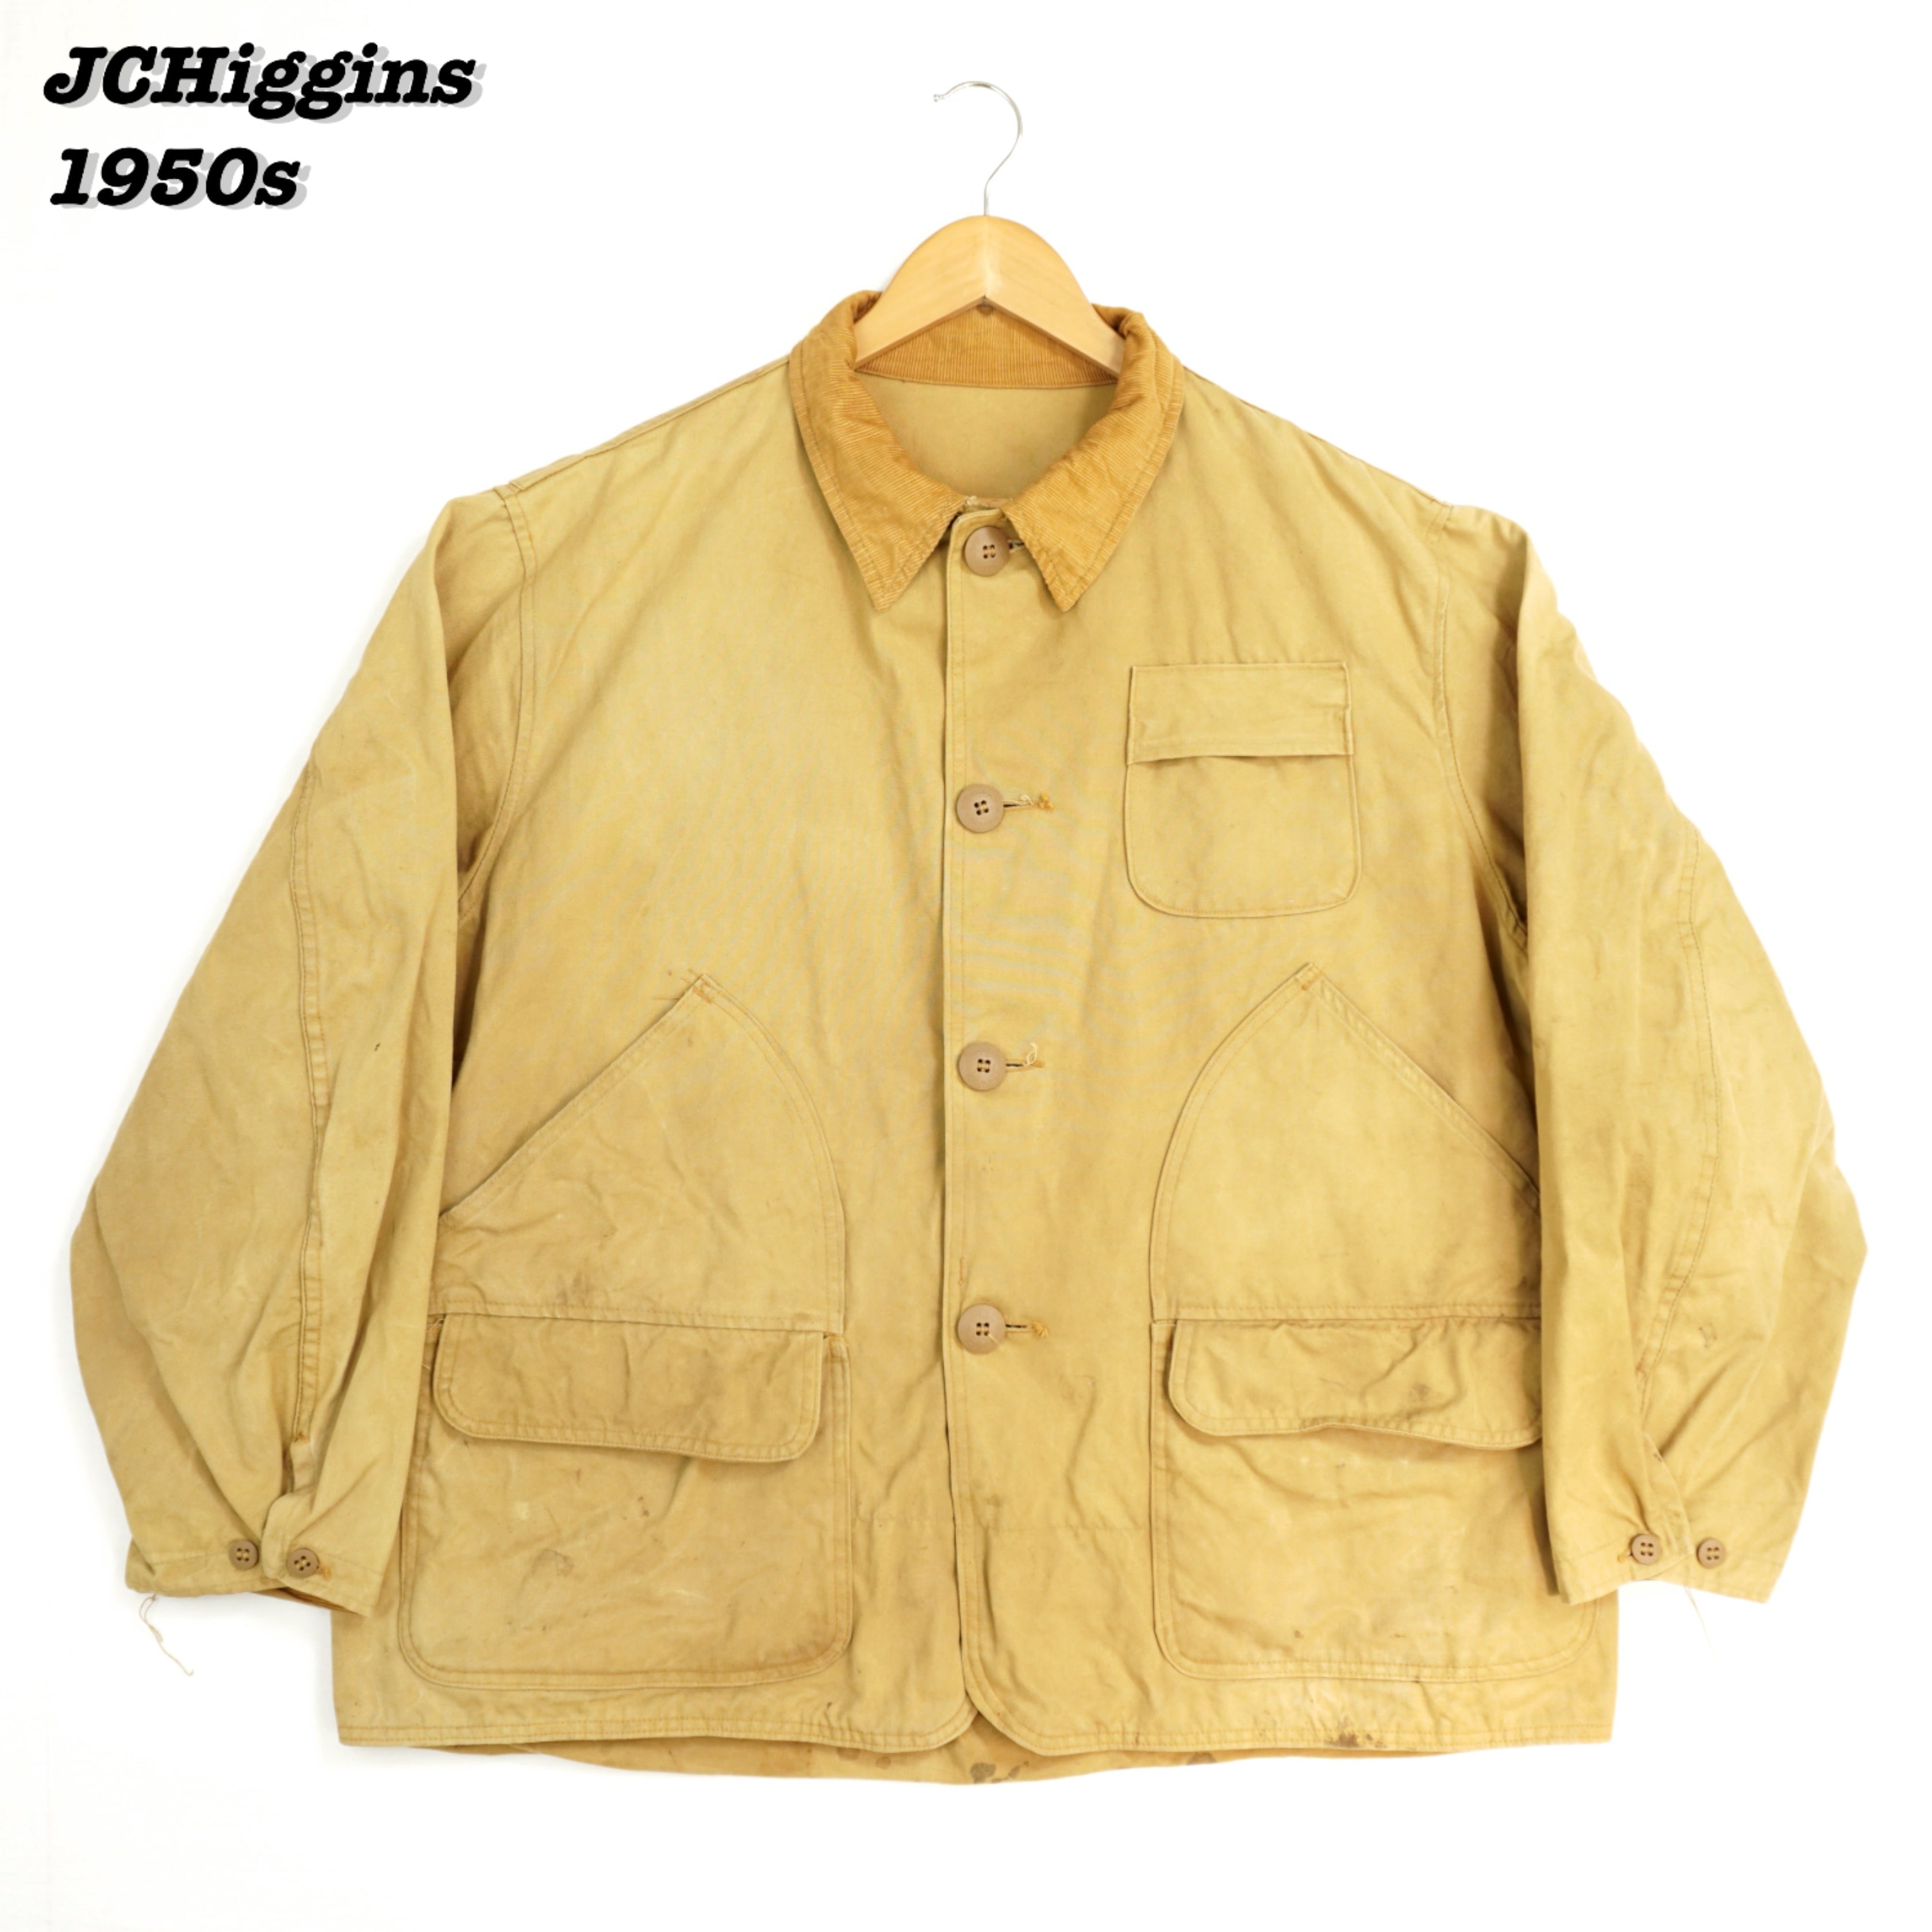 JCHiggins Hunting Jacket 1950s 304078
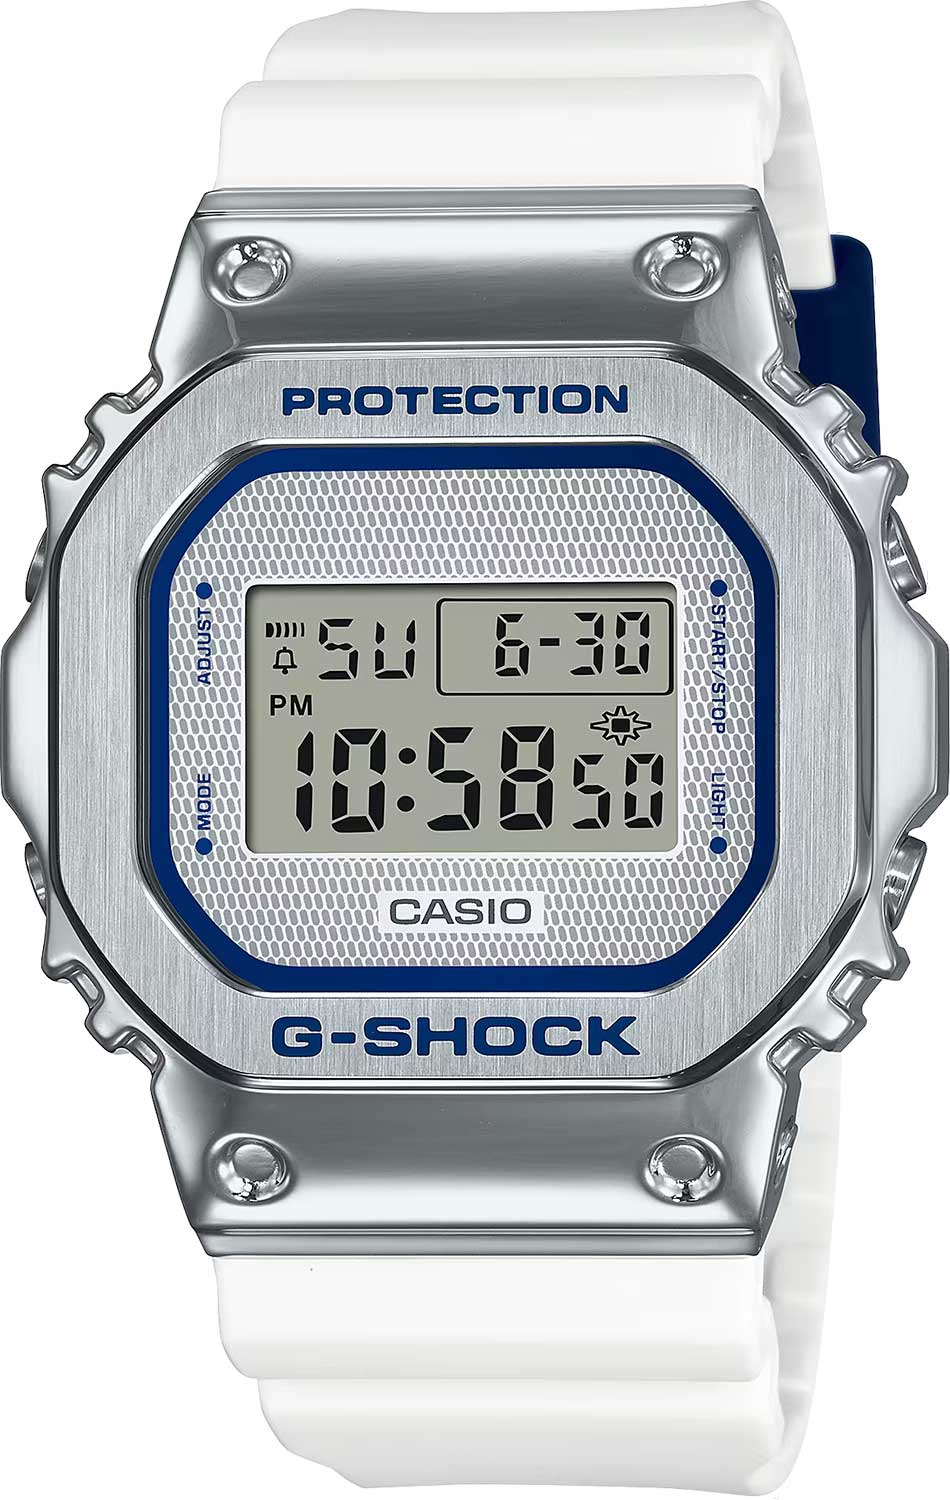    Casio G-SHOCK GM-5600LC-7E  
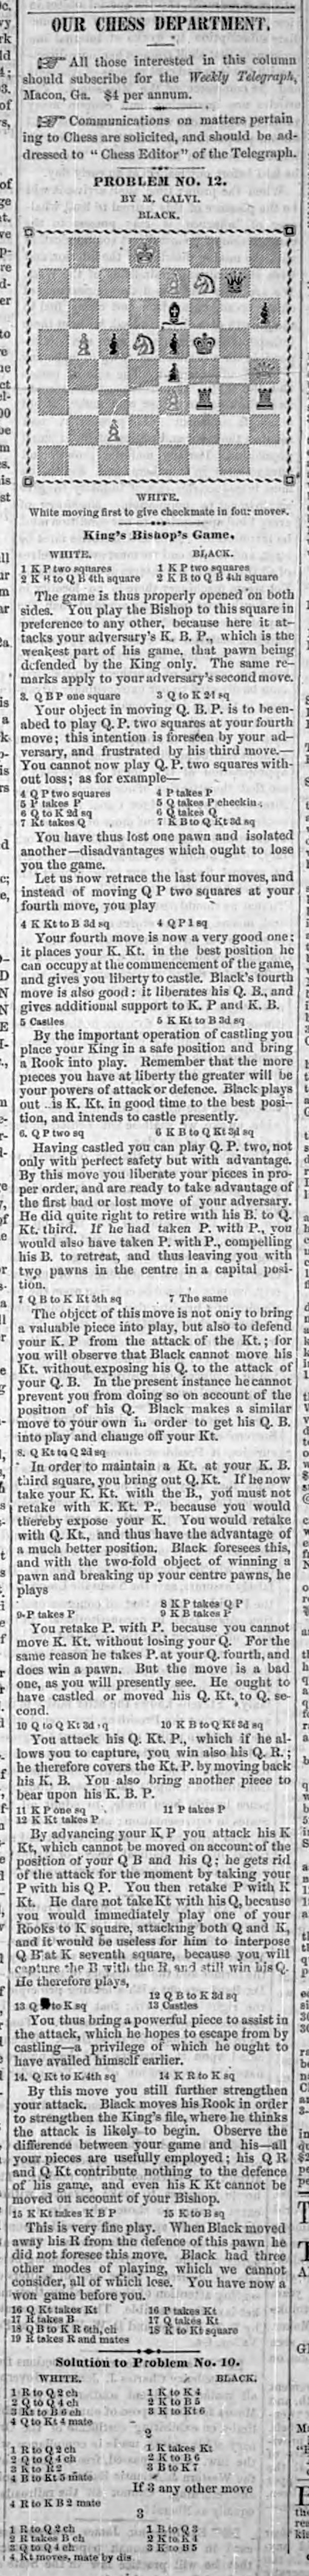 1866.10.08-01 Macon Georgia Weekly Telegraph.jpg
=-=-=
▶ GOAL OF THE EXERCISE
The material above should be printed again exactly, with each picture left out.

▶ ANSWER TO THE PROBLEM
 JCHiggins Hunting Jacket 1950s 304078
    Casio G-SHOCK GM-5600LC-7E  
 1866.10.08-01 Macon Georgia Weekly Telegraph.jpg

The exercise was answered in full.